Health History: Past Health History

  • Related to the client's past condition by eliciting data on client strength and weakness, points to trends of unhealthy behavior and information gained assists in identifying risk factors.
  • This includes but is not limited to:
    • birth, growth, and development
    • childhood diseases
    • immunizations
    • allergies
    • previous diseases or hospitalizations
    • surgeries, pregnancies, deliveries, accidents & injuries and pain experiences.
  • Questions to ask include:
    • Can you tell me how your mother described your birth?
    • Where there any problems?
    • As far as you know, did you progress normally as you grew to adulthood?
    • What illnesses or allergies have you had?
    • Have you ever been pregnant, and delivered a baby?
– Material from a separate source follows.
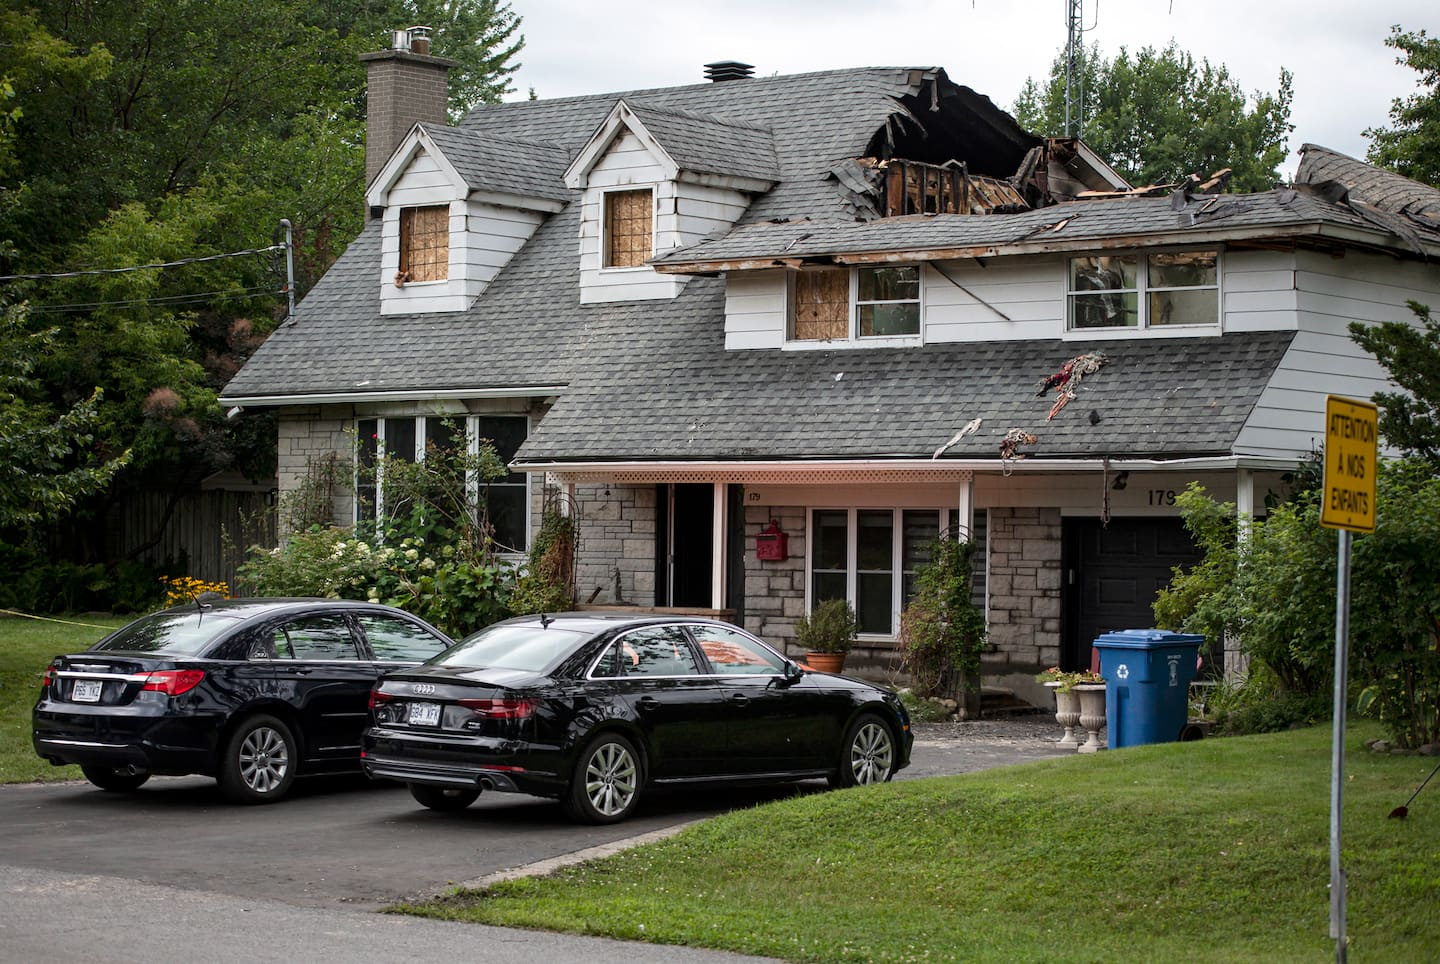 Hit by lightning: a house total loss in two seconds

Health History: Family History

  • Including as many blood relatives as can be recalled, identifying vertical and horizontal relations, and helps identify diseases with a genetic/familial pattern.
  • Genograms are tools used to include at least three(3) generations, in the drawing patient is known as the “proband/index patient", has standard formats including the patient's.
  • Male relatives with a square (left side), female relatives with a circle (right side), and lines between relatives show relationship.

Health History: Psychosocial Data

  • Psychosocial data includes human responses, nutritional habits, typical daily pattern/regular exercise plan.
  • Nurse is to get information on the patient's sleep and rest, asking about sleeping patterns if have trouble falling/staying asleep.
  • Nurses also collect information on patient use of substances, quantity of alcohol consumption, self-concept and self-care activities, like special talents or abilities etc.
  • Further exploration include social life like the community activity and relationship to family an friends.

Psychosocial Data Values & Beliefs

  • Questions to ask include:
    • Who is the most important in your life?
    • What is most important to you in life?
    • What gives you hope and strength?
  • Also asked for are Education and work, including compensation for dealing with stress, its levels and environment.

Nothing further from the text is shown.